García Márquez billboard in Aracataca: "I feel Latin American from whatever country, but I
have never renounced the nostalgia of my homeland: Aracataca, to which I returned one day
and discovered that between reality and nostalgia was the raw material for my work".—
Gabriel García Márquez

Gabriel García Márquez was born on 6 March 1927[b] in the small town of Aracataca, in the
Caribbean region of Colombia, to Gabriel Eligio García and Luisa Santiaga Márquez Iguarán.
[6] Soon after García Márquez was born, his father became a pharmacist and moved with his
wife to the nearby large port city of Barranquilla, leaving young Gabriel in Aracataca.[7] He
was raised by his maternal grandparents, Doña Tranquilina Iguarán and Colonel Nicolás
Ricardo Márquez Mejía.[8] In December 1936 his father took him and his brother to Sincé but
when his grandfather died in March 1937, the family moved first (back) to Barranquilla and
then on to Sucre, where his father started a pharmacy.[9]

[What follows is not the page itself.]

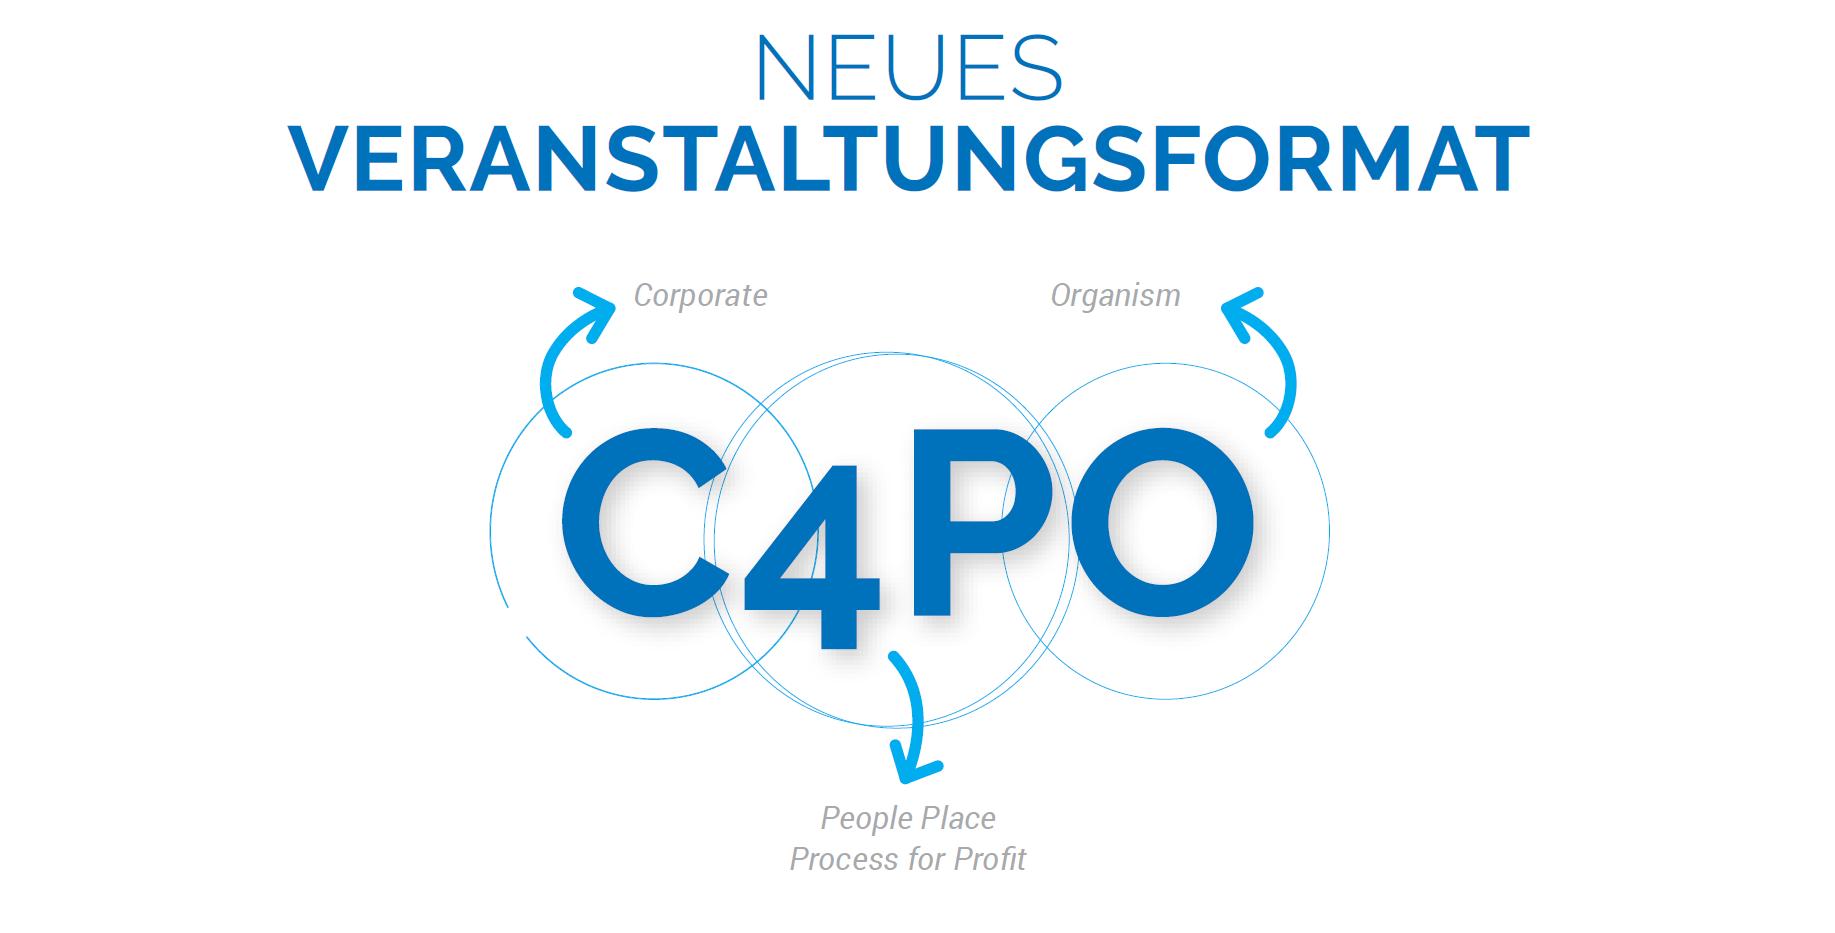 C4PO - für was steht C4PO? C4PO steht für einen betrieblichen Organismus im digitalen Zeitalter, der Menschen, Infrastruktur und Prozesse synergetisch aufeinanderabstimmt, um wirtschaftliche Zielsetzungen zu erreichen. Organismus statt Organigramm. Partnerschaft statt In- oder Outsourcing.

When his parents had fallen in love, their relationship was met with resistance from Luisa
Santiaga Márquez's father, the Colonel. Gabriel Eligio García was not the man the Colonel
had envisioned winning the heart of his daughter: Gabriel Eligio was a Conservative, and had
the reputation of being a womanizer.[10][11] Gabriel Eligio wooed Luisa with violin
serenades, love poems, countless letters, and even telephone messages after her father sent her
away with the intention of separating the young couple. Her parents tried everything to get rid
of the man, but he kept coming back, and it was obvious their daughter was committed to
him.[10] Her family finally capitulated and gave her permission to marry him[12][13] (The
tragicomic story of their courtship would later be adapted and recast as Love in the Time of
Cholera.)[11][14]

Since García Márquez's parents were more or less strangers to him for the first few years of
his life,[15] his grandparents influenced his early development very strongly.[16][17] His
grandfather, whom he called "Papalelo",[16] was a Liberal veteran of the Thousand Days
War.[18] The Colonel was considered a hero by Colombian Liberals and was highly
respected.[19] He was well known for his refusal to remain silent about the banana massacres
that took place the year after García Márquez was born.[20] The Colonel, whom García
Márquez described as his "umbilical cord with history and reality",[21] was also an excellent
storyteller.[22] He taught García Márquez lessons from the dictionary, took him to the circus
each year, and was the first to introduce his grandson to ice—a "miracle" found at the United
Fruit Company store.[23] He would also occasionally tell his young grandson "You can't
imagine how much a dead man weighs", reminding him that there was no greater burden than
to have killed a man, a lesson that García Márquez would later integrate into his novels.[24]
[25]
García Márquez's grandmother, Doña Tranquilina Iguarán Cotes, played an influential role in
his upbringing. He was inspired by the way she "treated the extraordinary as something
perfectly natural."[26] The house was filled with stories of ghosts and premonitions, omens
and portents,[27] all of which were studiously ignored by her husband.[16] According to
García Márquez, she was "the source of the magical, superstitious and supernatural view of
reality".[21] He enjoyed his grandmother's unique way of telling stories. No matter how
fantastic or improbable her statements, she always delivered them as if they were the
irrefutable truth. It was a deadpan style that, some thirty years later, heavily influenced her
grandson's most popular novel, One Hundred Years of Solitude.[28]